Это была замечательная церковь, в своем роде, конечно. Видно, много богатых семейств жертвовали свои денежки на украшение алтарей, гробниц и витражей, заполнив невеликое пространство резным деревом и камнем, полированной бронзой, серебром и позолотой. Тем не менее я ощущал такую же пустоту в душе, какую впервые почувствовал в Гардаре, и даже чуть не развернулся, чтобы выйти вон. Но вместо этого шепнул Анне, что следует поторопиться.
Дверь, ведущая на колокольню, была не заперта. Мы протиснулись в нее и затворили за собой, оставив узкую щель, сквозь которую виднелся главный вход. Позади меня Анна расстегнула свой пояс с мечом и присела на ступеньку лестницы, винтом уходившую вверх, в оберегаемую пауками темноту. Я слышал шелест и шорох снимаемой одежды и тихое проклятие по-гречески по адресу слишком сильно затянутого узла. Потом два раза звякнуло — это на пол упали ее подвязки.
Она стояла на разбросанных по ступенькам шелках, и ее тело поблескивало как жемчуг в слабом свете свечей, проникавшем сюда из-за двери. Я перевел взгляд с ее лица на темный треугольник внизу живота, между раздвинутыми самым развратным образом ногами. В холодном воздухе разливался аромат левкоев. И в это мгновение я оказался снова в Бейлстере, в церкви Святого Сергия. И намалеванный на ее стене ад расцвел всеми красками. Розовые голые женщины, бегущие и подгоняемые вилами чертей… Но я видел, что острия этих вил не острые, а мягкие, они не причиняют боли, а дарят удовольствие. И вся эта веселая толпа, и женщины, и черти возились и смеялись, а потом слились в единый хохочущий и вздымающийся клубок и тут же растворились в воздухе.

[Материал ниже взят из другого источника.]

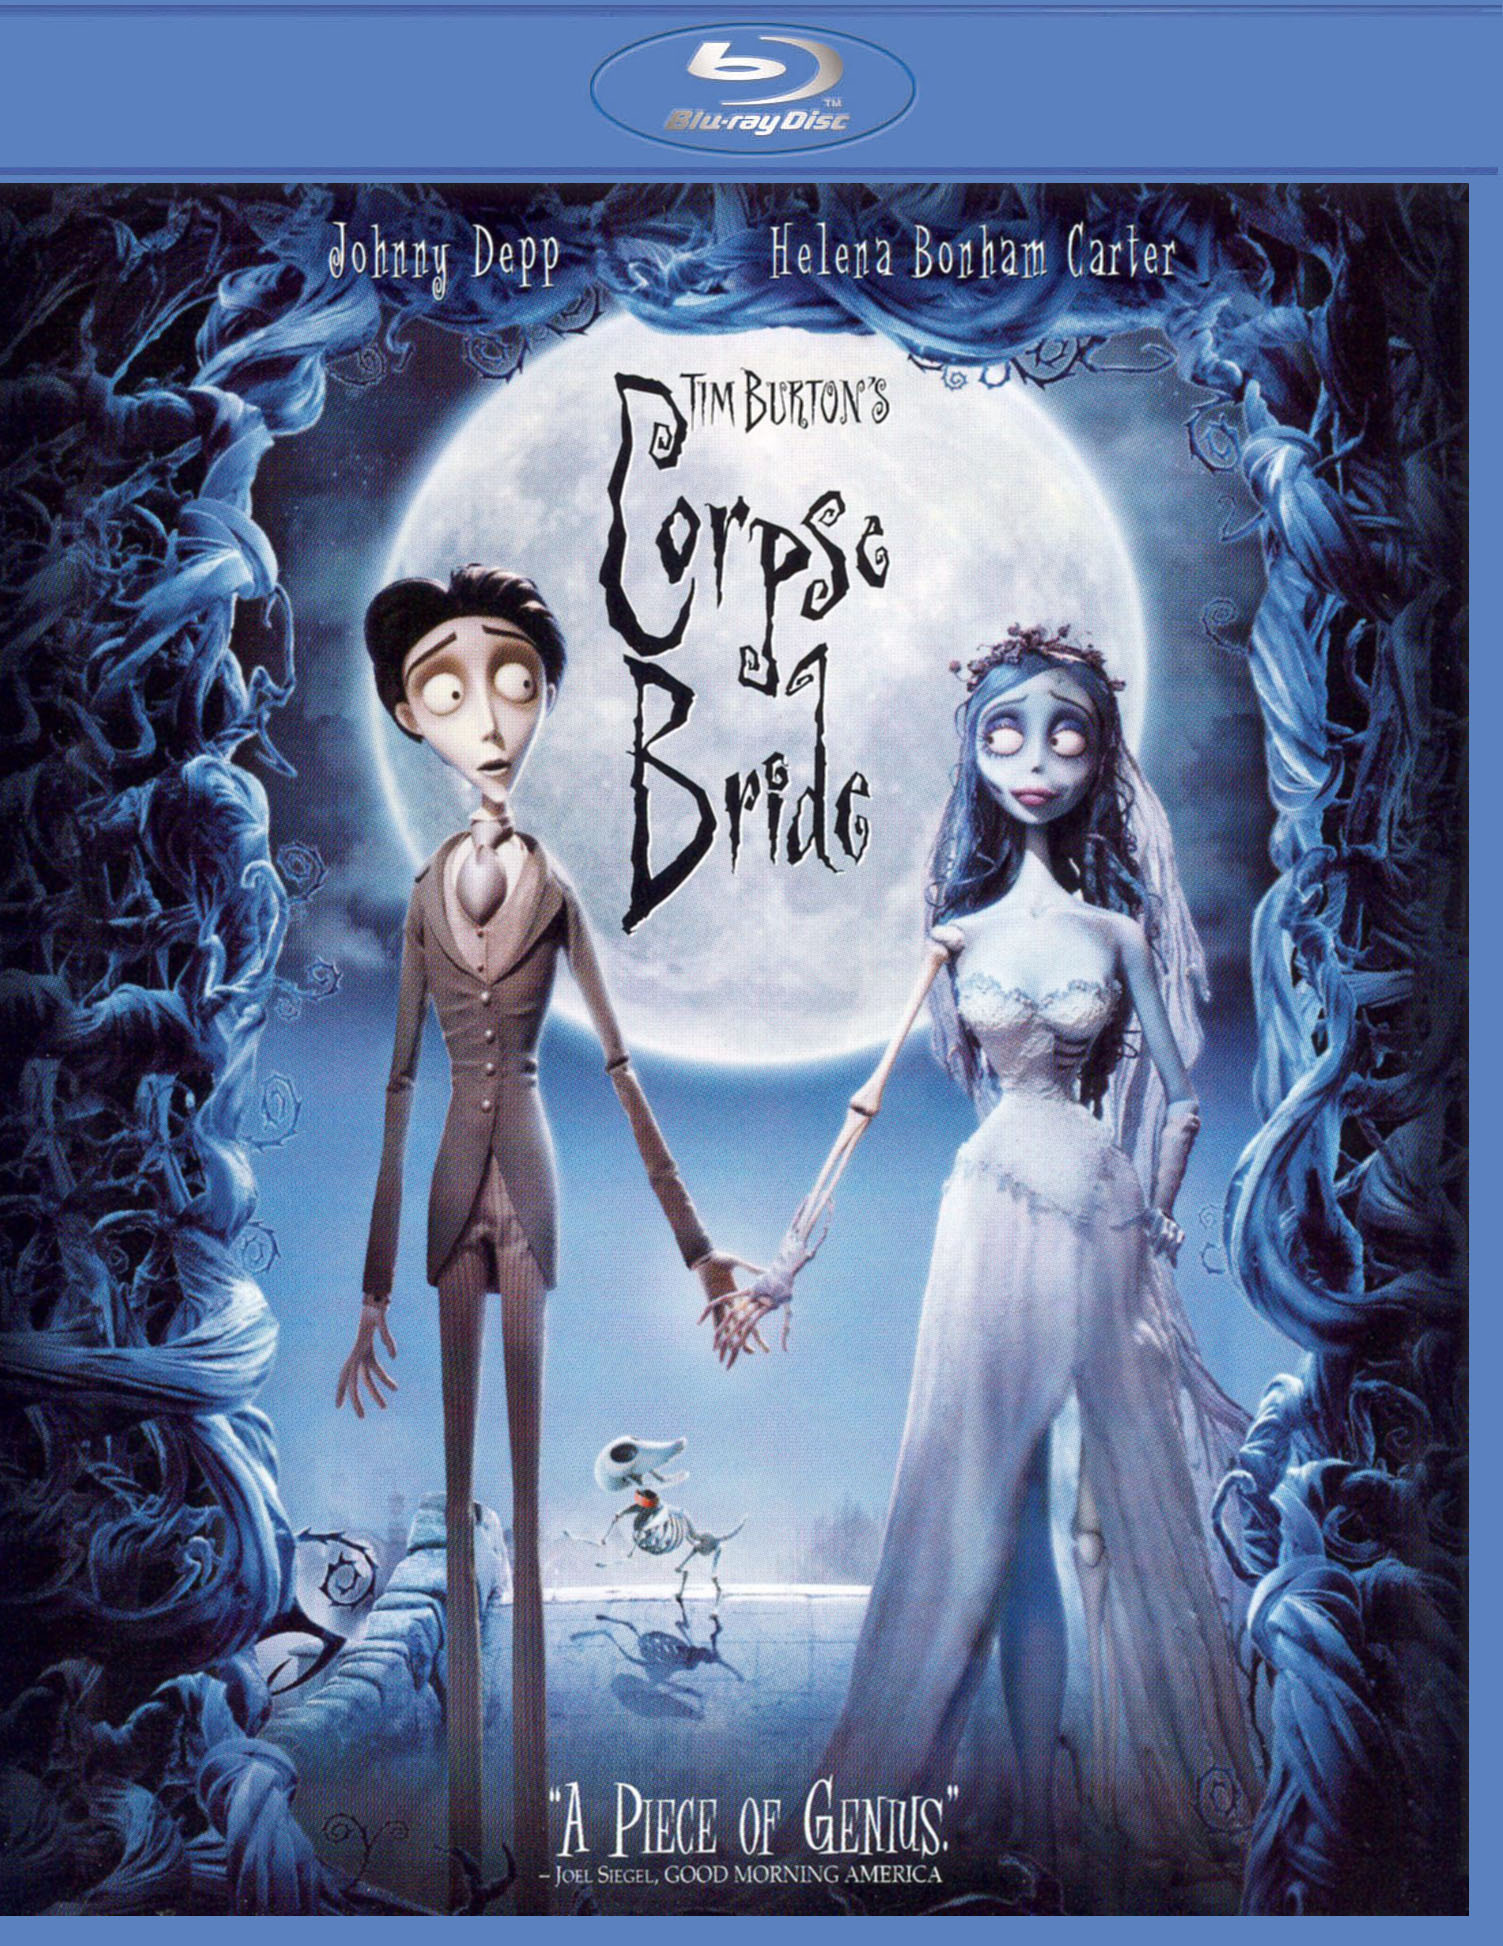 Tim Corpse Bride [Blu-ray] [2005] - Best Buy

Анна копалась в своей сумке, доставая разные предметы женского туалета и раскладывая их на ступеньках. Я собрал в охапку ее мужские дворянские одежки и начал их сворачивать, пропуская между пальцами блестящий шелк. Какое счастье ощущать это в руках, какое удовольствие! Церковь — я только сейчас понял — место, где собрана красота. Уж в этом-то я мог себе признаться. Она даровала радость и счастье тем, кто ее построил, кто украсил столь богато и изощренно, даровала радость творцов, которую руки и глаза доносят до сердца. Эта радость, это счастье, казалось мне сейчас, были достаточными, даже, может быть, предельными, на какие мы, земные обитатели, имели право рассчитывать. Огонь любви все еще пылал у меня в крови, и ликование по-прежнему волной охватывало все мое существо. Сколько раз я опускался коленями на ледяной пол в таком же вот месте и тщетно ждал божественного откровения, радости, счастья, чтобы наполниться до предела… И вот теперь такое случилось.
Анна надела длинную тунику с узкими рукавами из темно-синего шелка, а поверх нее — темно-красную безрукавку котту. Она стояла ко мне спиной, а когда повернулась, я не смог скрыть восхищения. Я никогда еще не видел ее в женской одежде и никогда не видел женщину, одетую вот так. Утонченные дамы Бейлстера обычно выглядели словно богато задрапированные колонны: элегантные, иногда достаточно скромные, часто строго-холодные. А Анна открывала столько же, сколько и прятала, по крайней мере от горла до талии. Волосы она забрала в сетку из золотых нитей. Видя, как я уставился на нее, она очаровательно надула губки и покружилась на месте, так что свободные полы туники и котты взлетели и закрутились вокруг ее ног.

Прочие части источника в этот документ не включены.